# Henry's first day (ok 10mins) out.



## Tasha (Feb 24, 2009)

Finally the weather has got hot enough over in the uk to take hedgies out. So i thought id post some snaps of Henry's first day out. It lasted 10 mins before he made it perfectly clear he wanted to go home!  Bless him, he hates everything!


----------



## Tasha (Feb 24, 2009)

And 3 more. x


----------



## Beanie (Jun 9, 2010)

Adorable pictures!!! Thanks for sharing them


----------



## Free2Dream (Aug 10, 2009)

Cute pics! I love the one of him hiding under his blanket. He is precious. <3


----------



## PJM (May 7, 2010)

Henry's handsome! I love the pictures! My favorite is also the one under the blanket.


----------



## Sela (Apr 10, 2010)

Have to agree, the blanket one is precious. He says, "I'm staying under here, and I'm not coming out! You can't make me!"
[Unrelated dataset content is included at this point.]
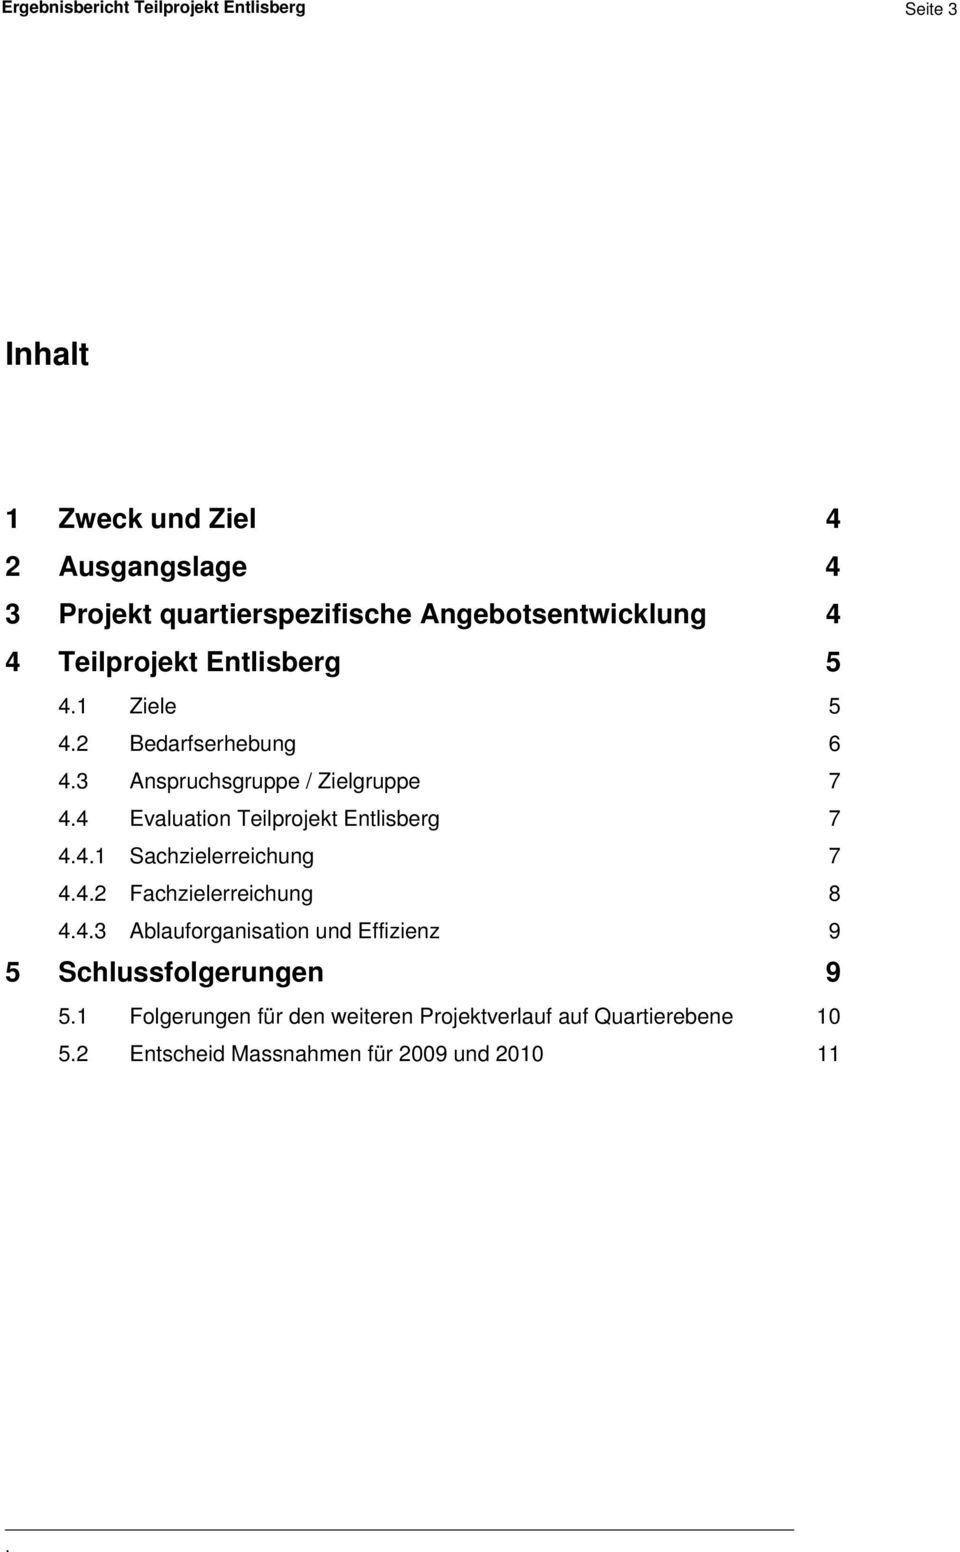 Teilprojekt Entlisberg 7 441 Sachzielerreichung 7 442 Fachzielerreichung 8 443 Ablauforganisation und Effizienz 9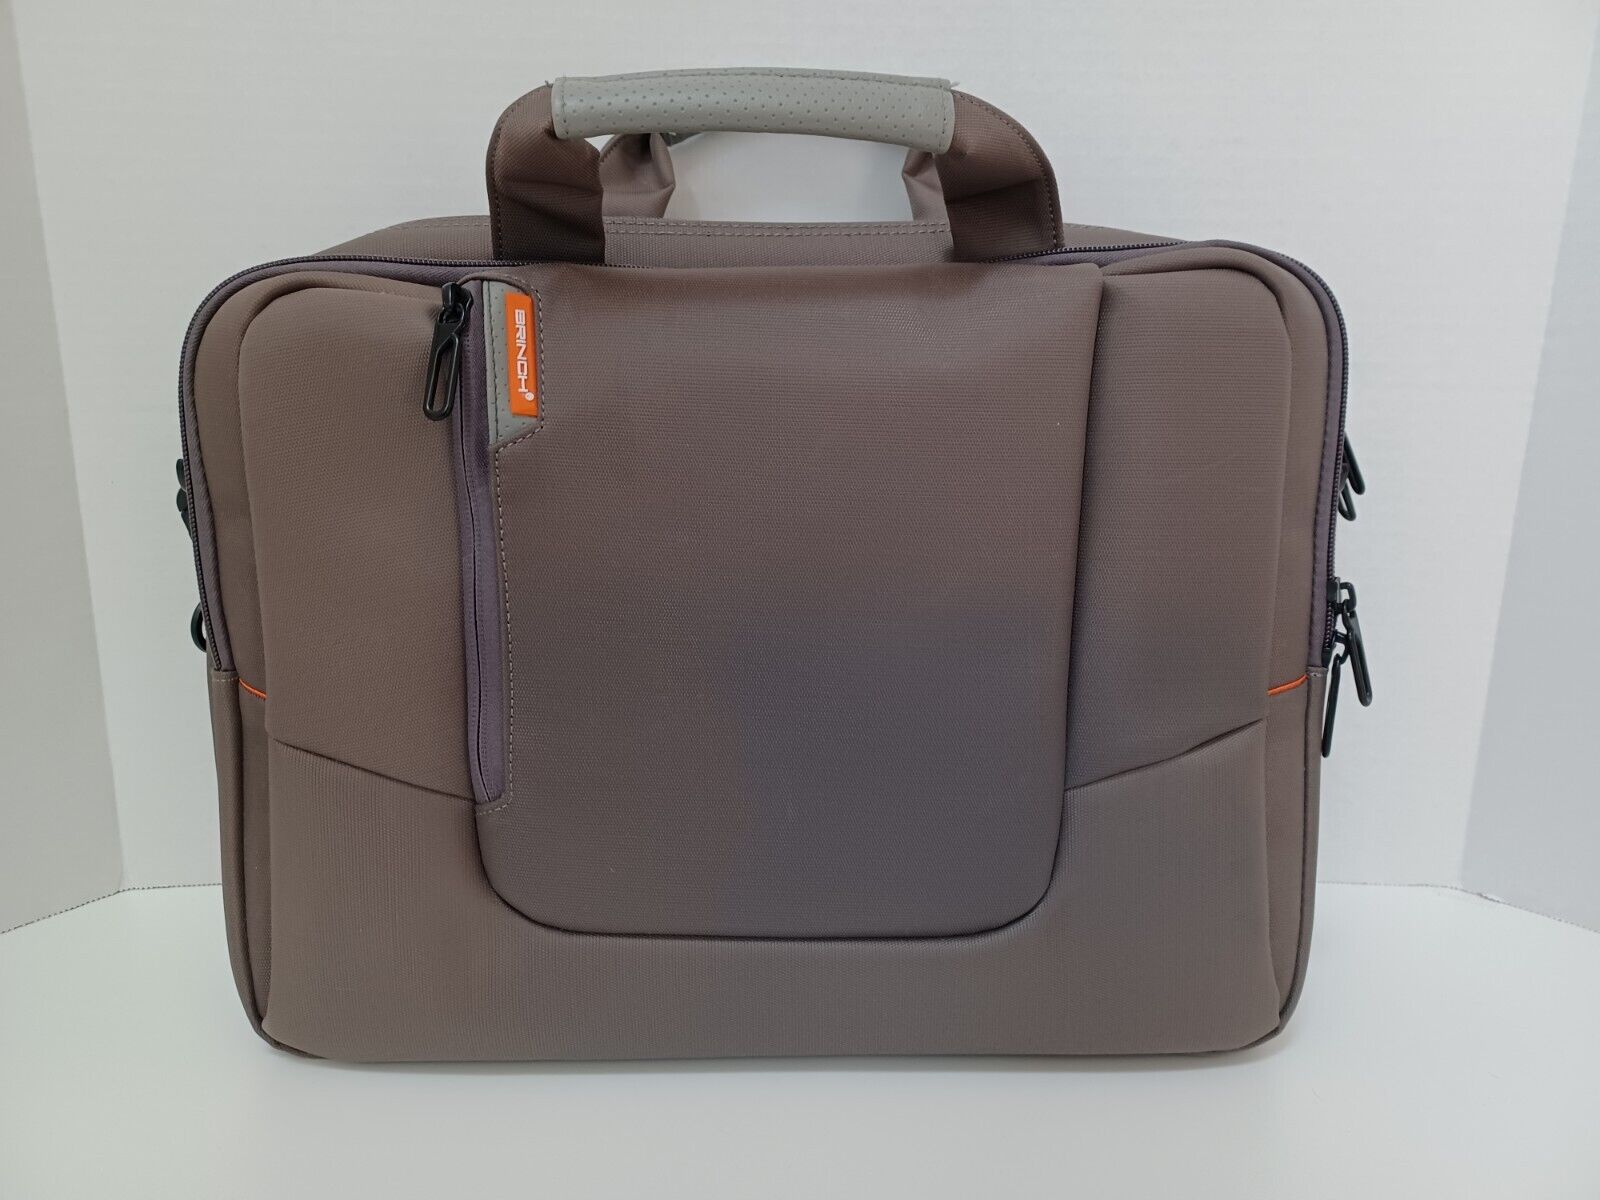 Brinch Laptop Bag Messenger Style Nylon Tan Brown

His ears actually look a little pointed in one of those pictures...never seen a hedgie with ears quite like that. Cute. <3


----------



## tie-dye hedgie (Dec 19, 2009)

I love the last two, but all of them are cute! Thanks for sharing! :mrgreen:


----------



## EryBee (May 23, 2010)

I really like the one where he is peeking out of the blanket.


----------



## Hedgieonboard (Nov 15, 2009)

Looked like a beautiful day out. He is totally adorable


----------



## Tasha (Feb 24, 2009)

Thanks everyone, i think he's pretty cute too! 



Sela said:


> His ears actually look a little pointed in one of those pictures...never seen a hedgie with ears quite like that. Cute. <3


Ha ha, i've never noticed it before! Think it must be the picture tho. :lol:


----------



## LarryT (May 12, 2009)

Henry is adorable  Love that last pic ! Henry looks like he enjoyed the shade of his blankie more than that hot ole sun :lol:


----------



## Venusdoom (Jul 1, 2010)

He's really cute but also looks naughty!


----------